- _TASK_
Identify the line with "Medlemmar av Ålands"; copy word for word that line and every one after it, to the end of the listing. Exclude pictures.

- _DATA BELOW_
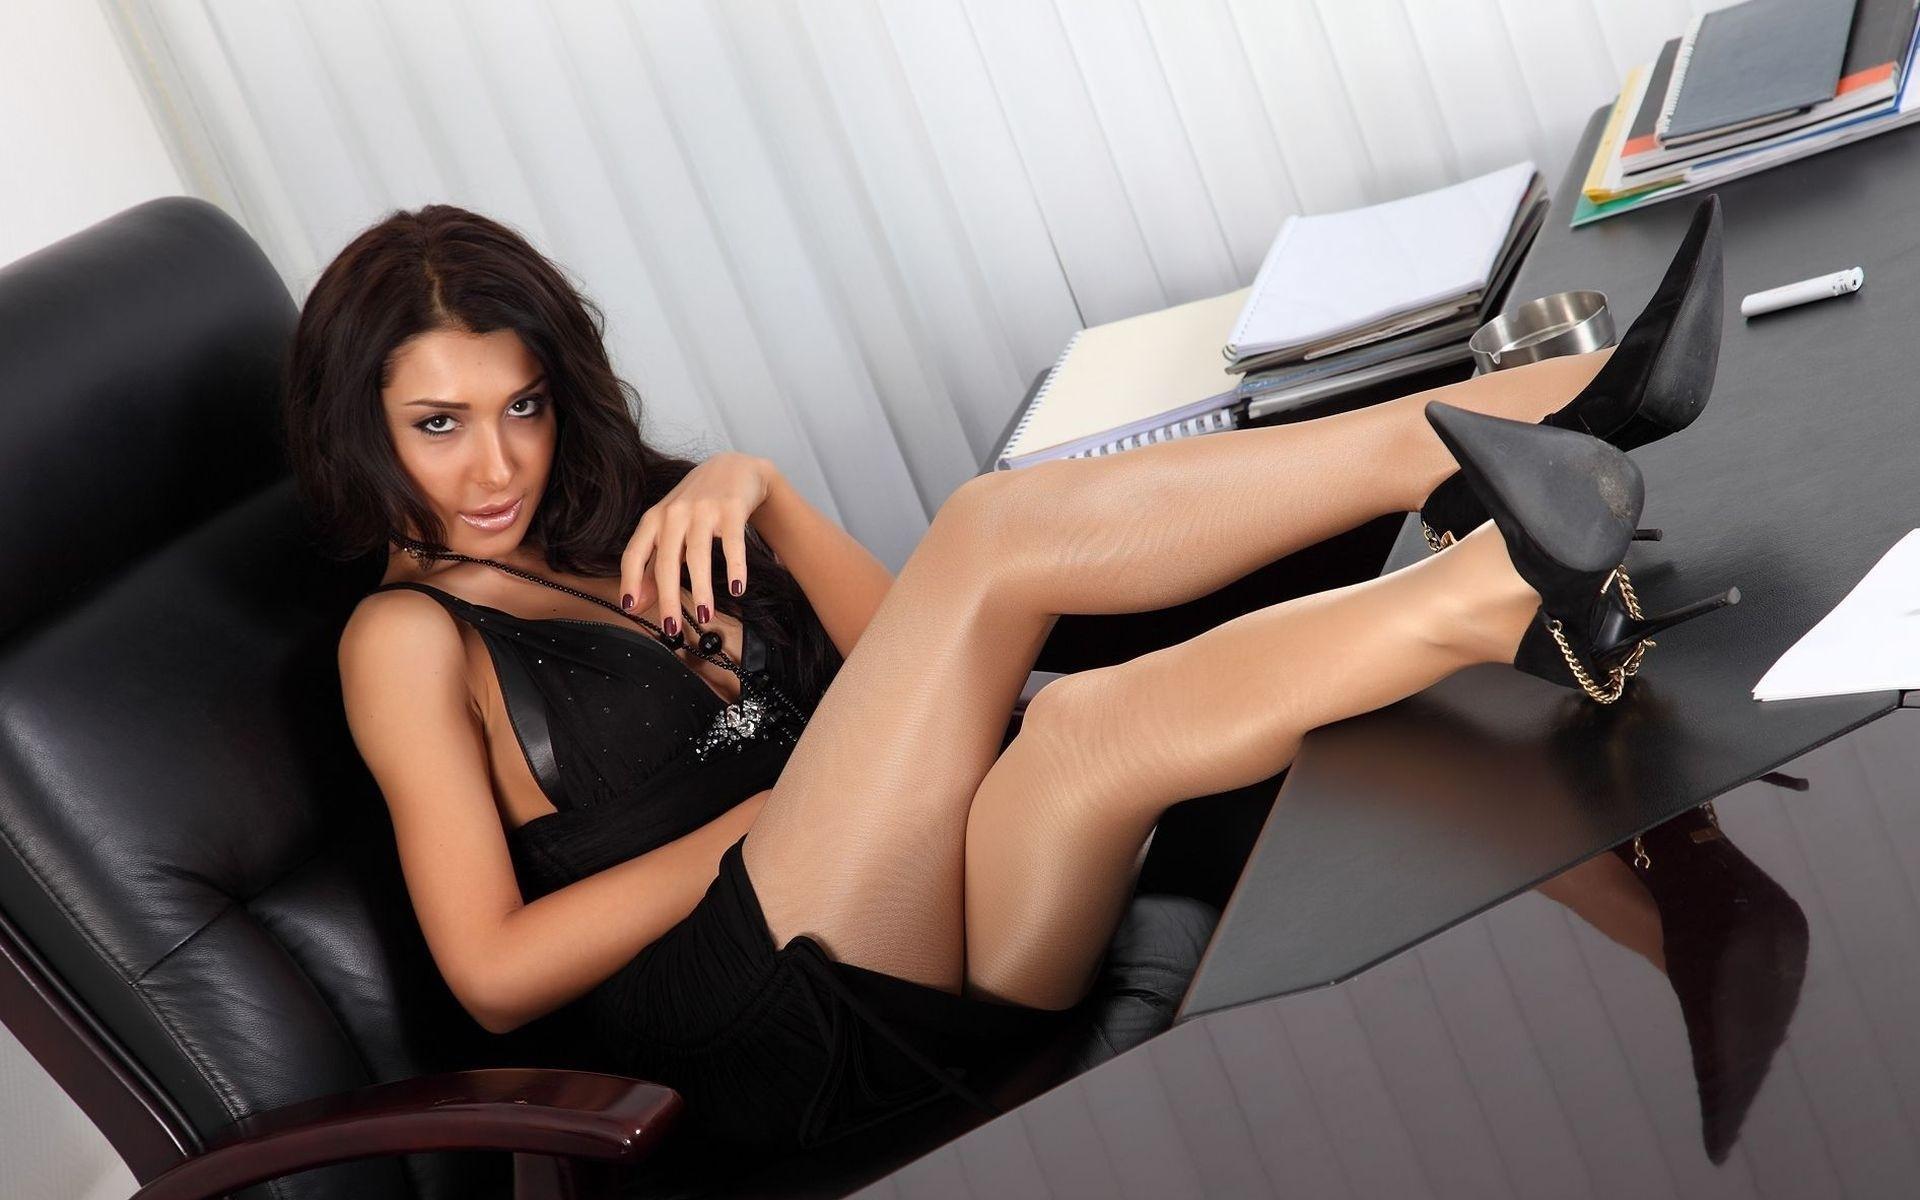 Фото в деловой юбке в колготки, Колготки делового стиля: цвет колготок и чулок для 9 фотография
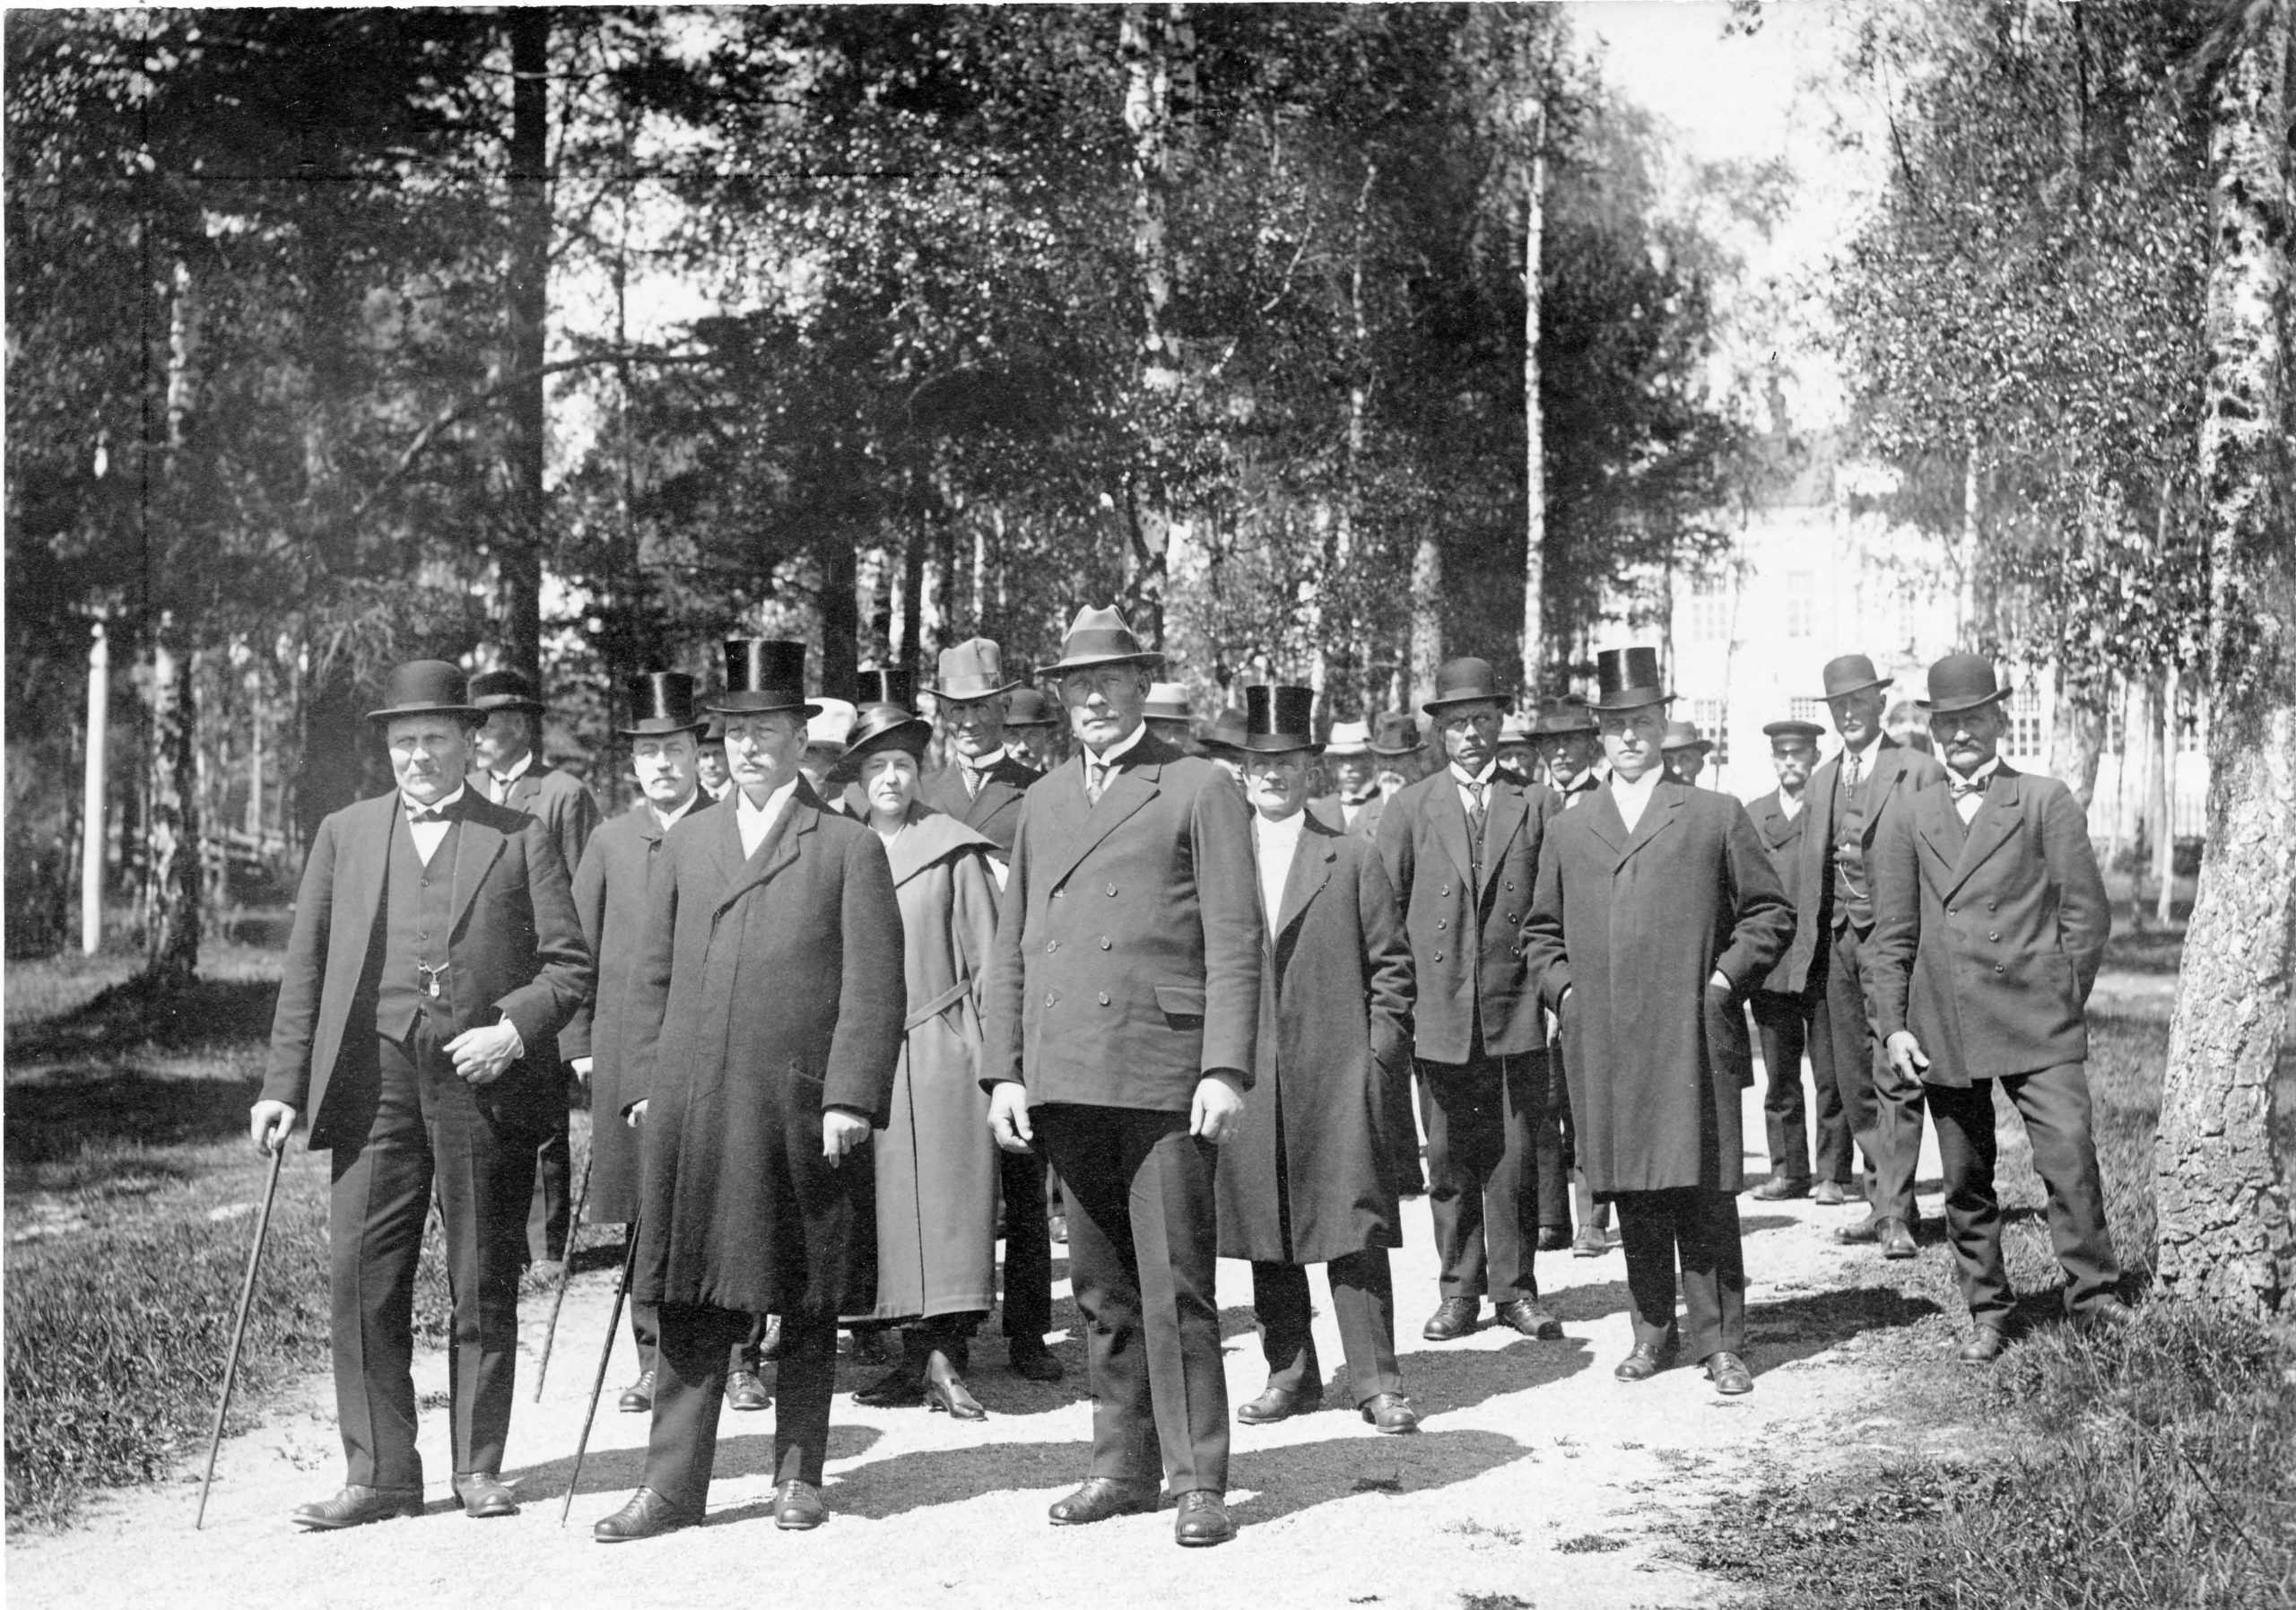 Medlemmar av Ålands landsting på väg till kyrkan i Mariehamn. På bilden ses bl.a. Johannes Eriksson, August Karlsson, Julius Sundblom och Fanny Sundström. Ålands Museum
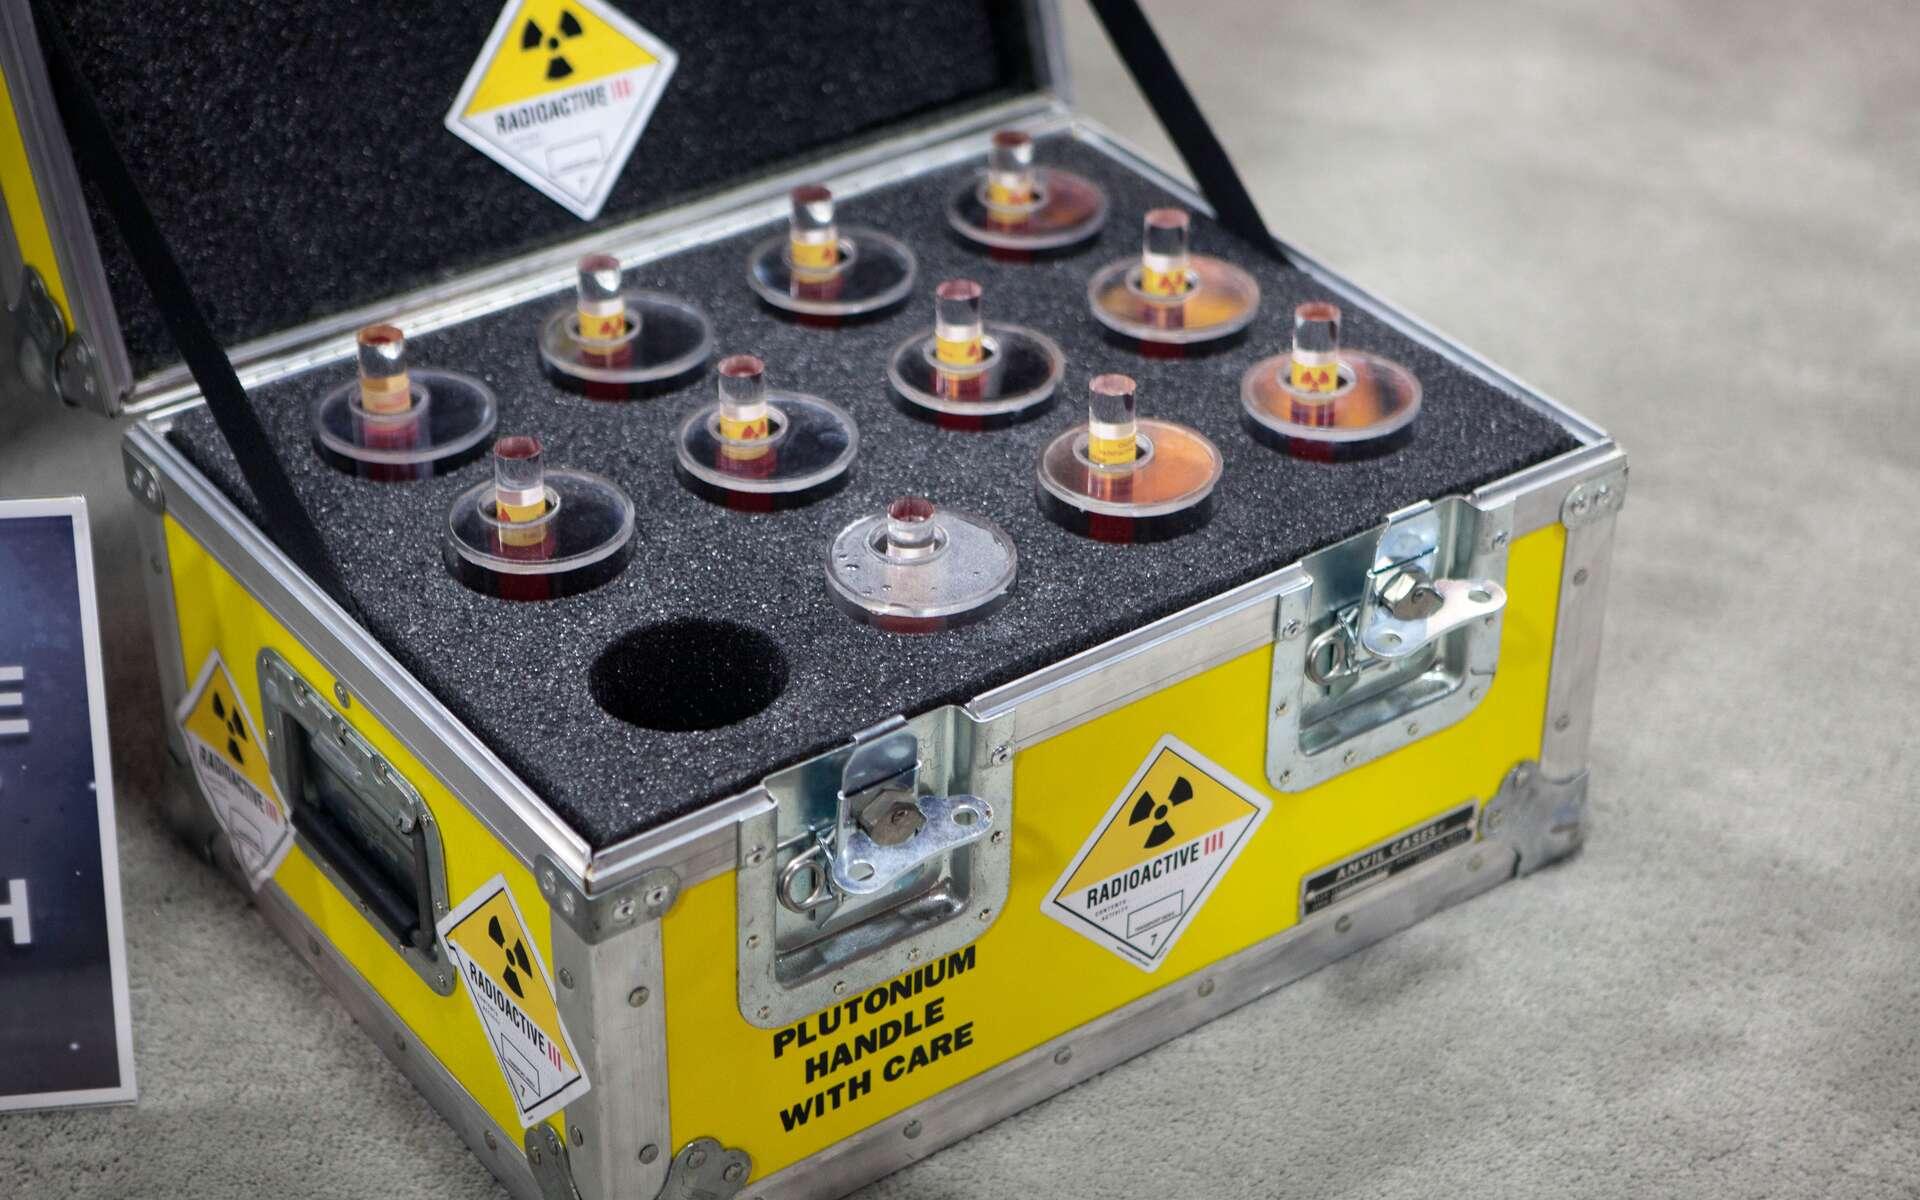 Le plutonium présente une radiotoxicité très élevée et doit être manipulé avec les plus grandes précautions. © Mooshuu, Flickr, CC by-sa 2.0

- _RESULT FOR THIS TASK_
 Medlemmar av Ålands landsting på väg till kyrkan i Mariehamn. På bilden ses bl.a. Johannes Eriksson, August Karlsson, Julius Sundblom och Fanny Sundström. Ålands Museum
 Le plutonium présente une radiotoxicité très élevée et doit être manipulé avec les plus grandes précautions. © Mooshuu, Flickr, CC by-sa 2.0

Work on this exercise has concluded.